Material provided:
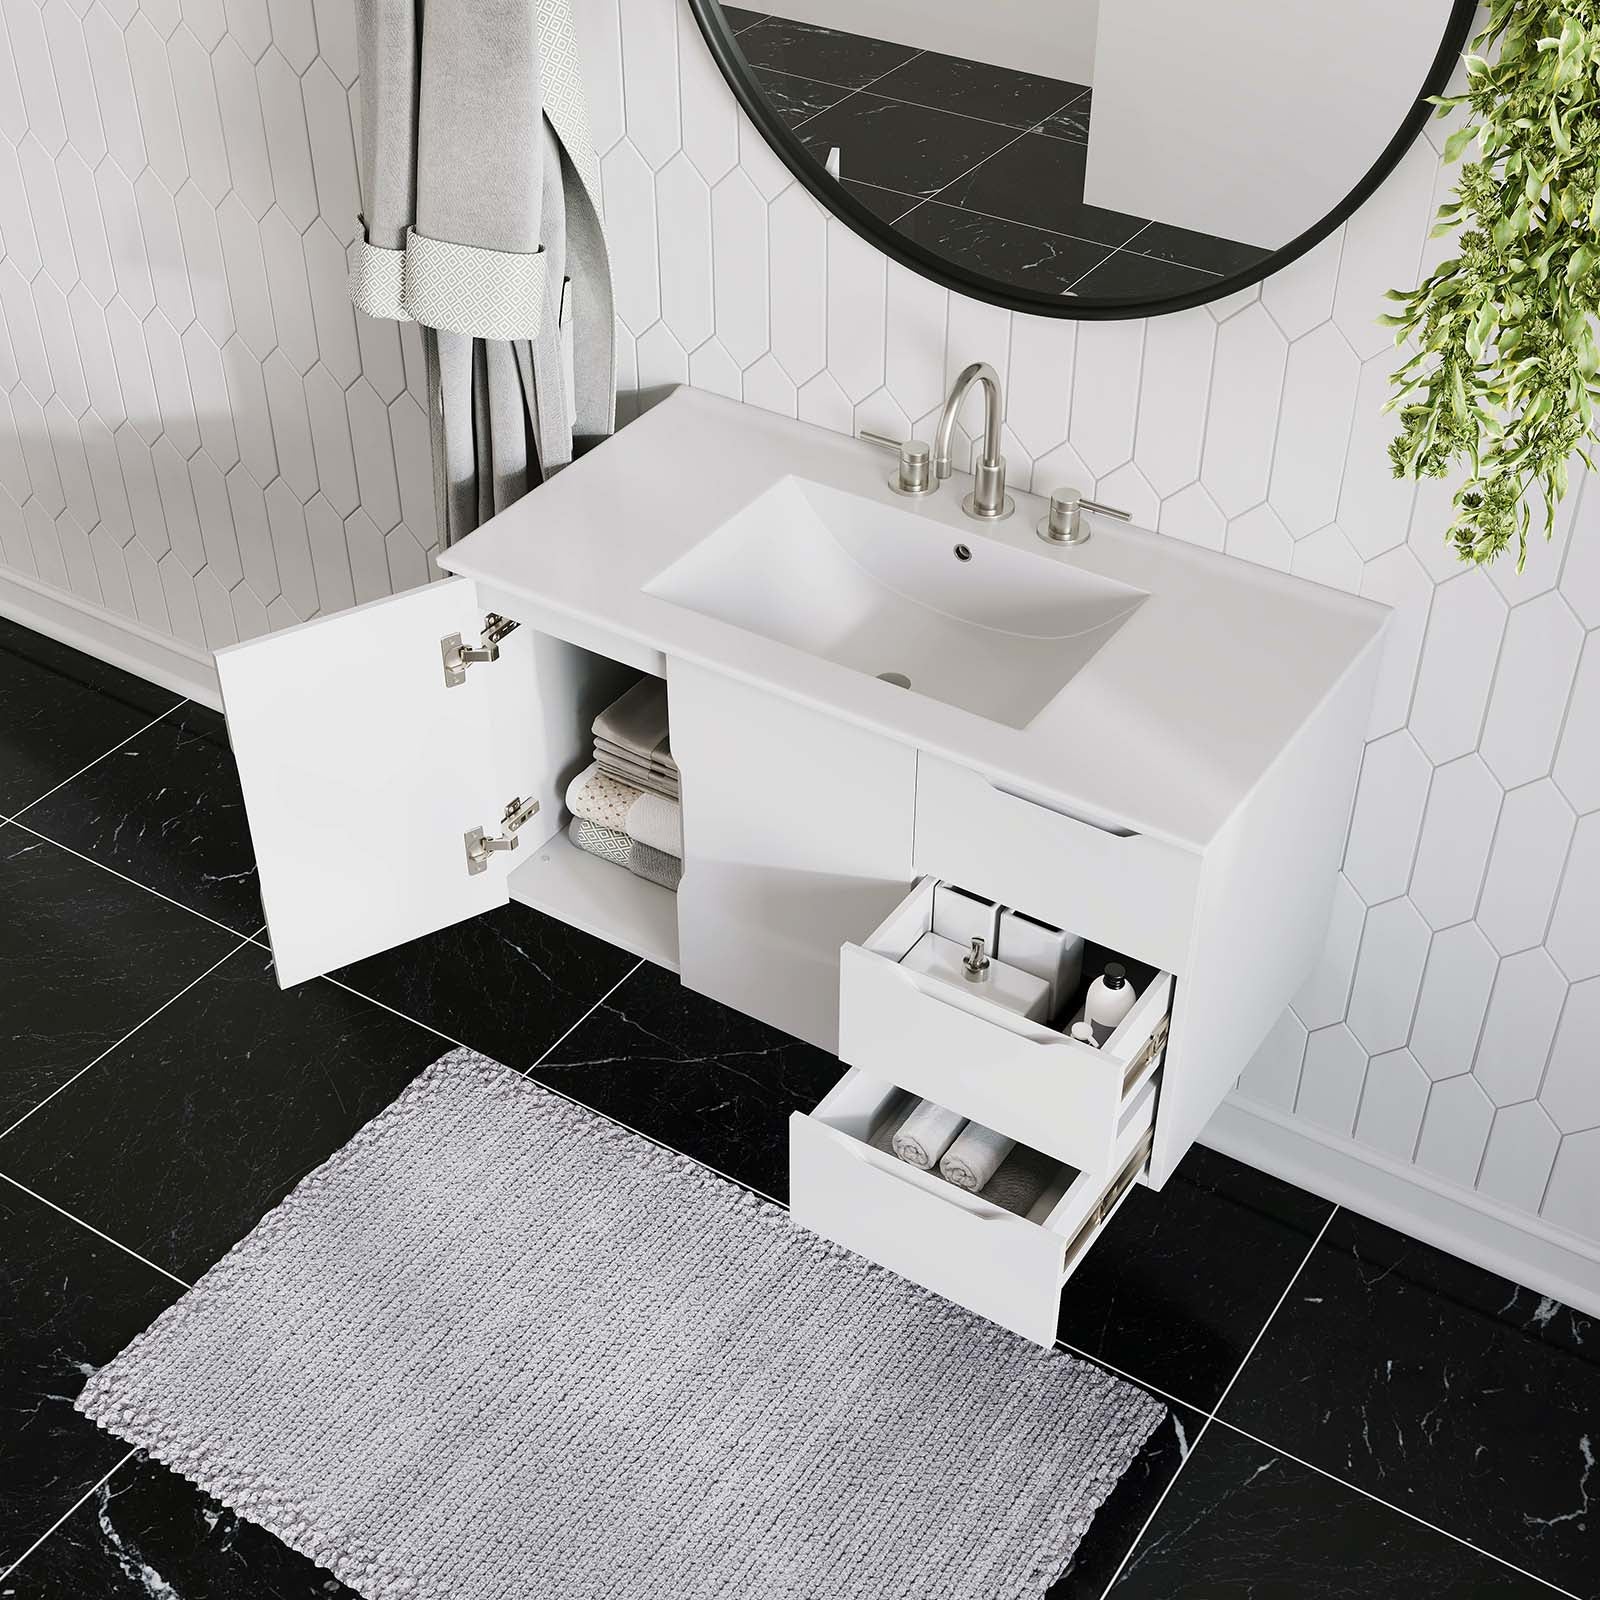 Modway Bathroom Vanity - Vitality 36" Bathroom Vanity White White
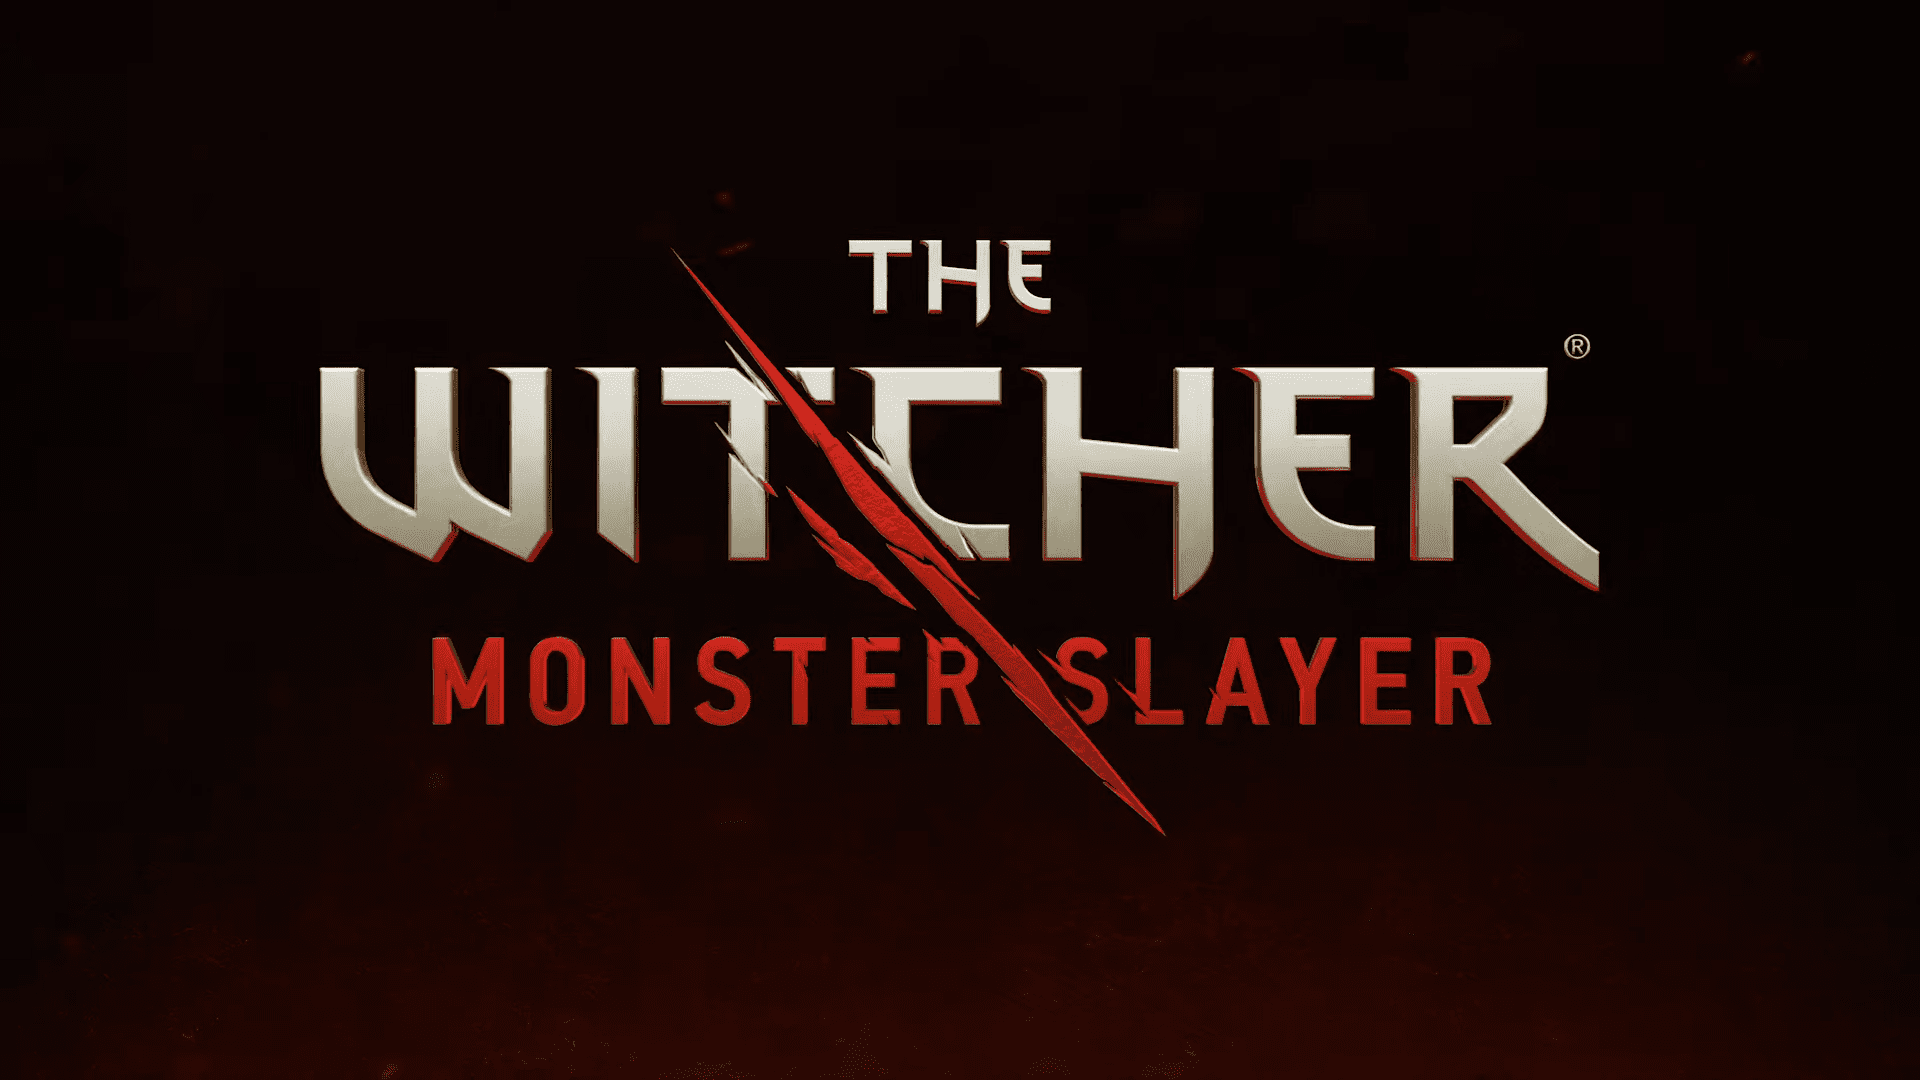 The Witcher: Monster Slayer, ein mobiler Hexer im Pokémon GO-Stil, hat ein Erscheinungsdatum erhalten. Es kommt bald! 269
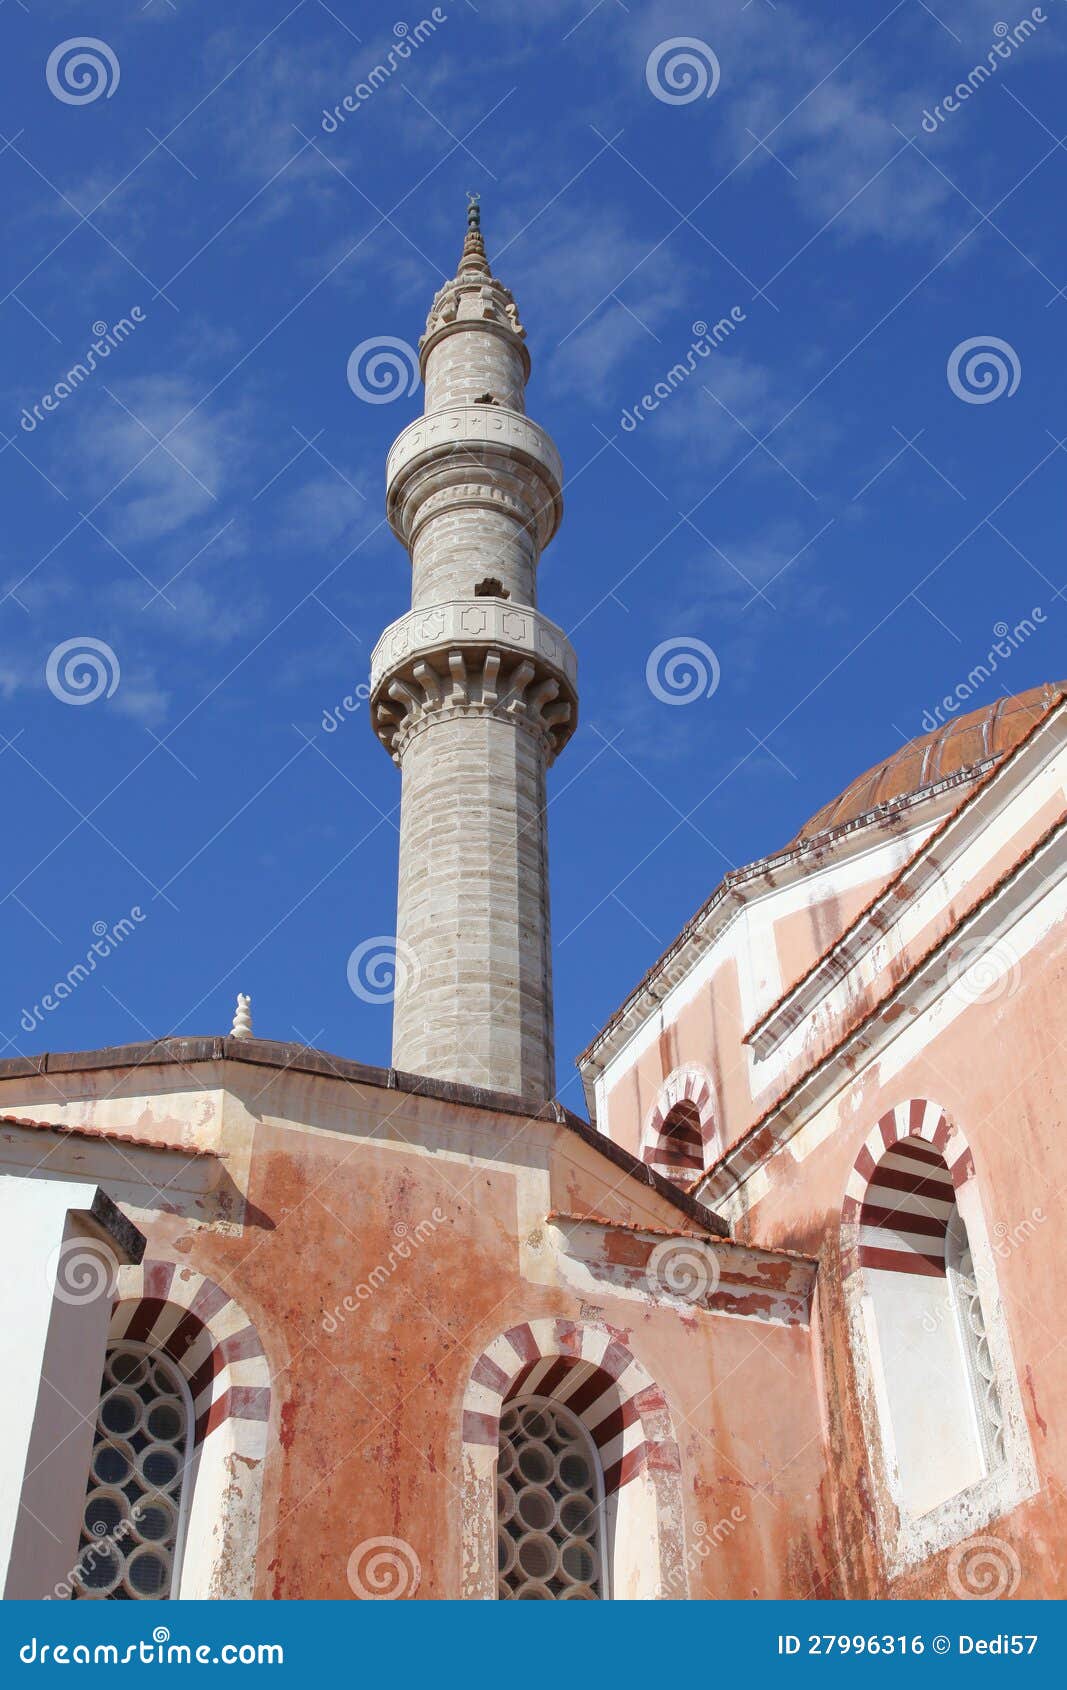 the minaret of suleiman mosque, rhodes
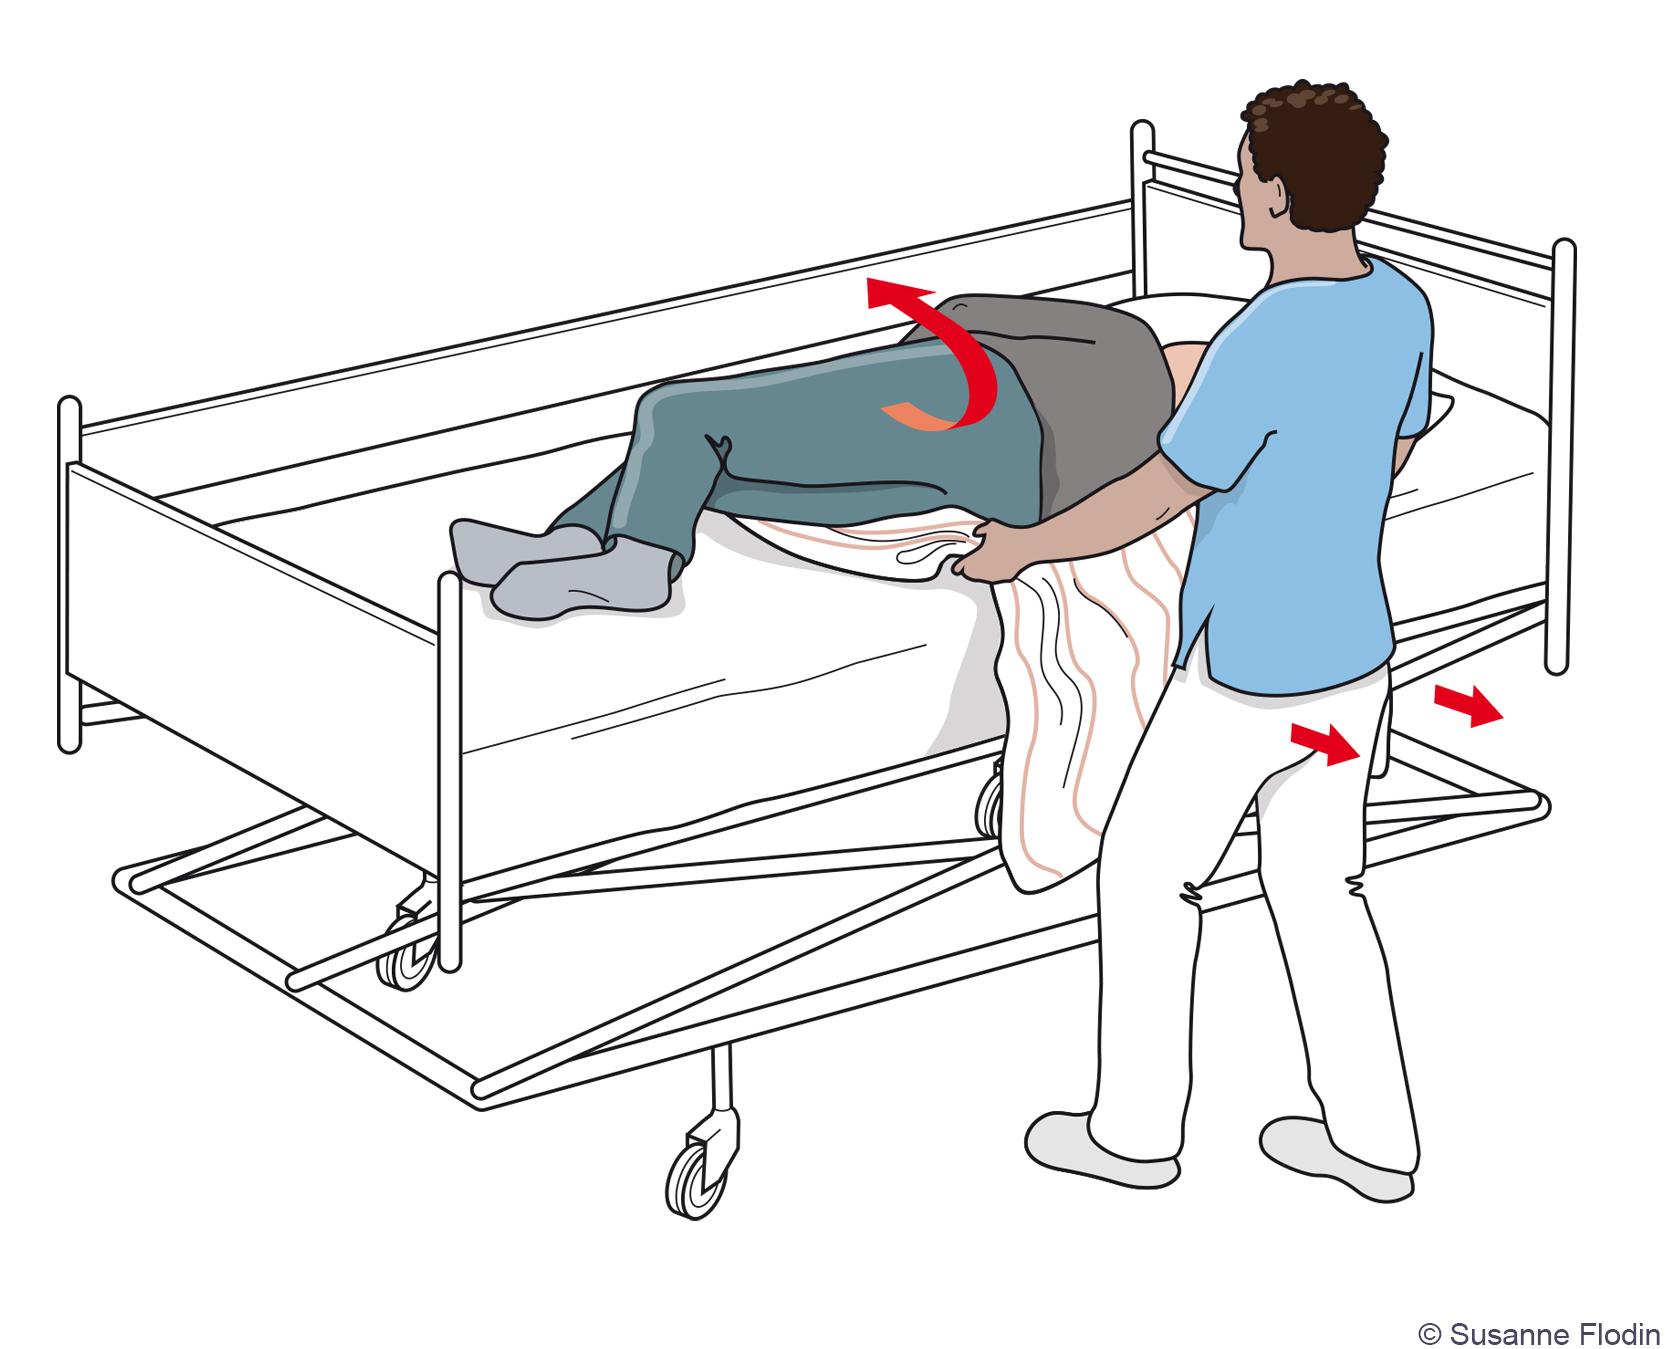 Bild som beskriver hur en vårdpersonal hjälper en patient att vända sig i sängen med hjälp av draglakan.

Task requirements:
Should there be pictures in the data, leave them out and return the rest exactly.

Response:
 Modway Bathroom Vanity - Vitality 36" Bathroom Vanity White White
 The Witcher: Monster Slayer, ein mobiler Hexer im Pokémon GO-Stil, hat ein Erscheinungsdatum erhalten. Es kommt bald! 269
 the minaret of suleiman mosque, rhodes
 Bild som beskriver hur en vårdpersonal hjälper en patient att vända sig i sängen med hjälp av draglakan.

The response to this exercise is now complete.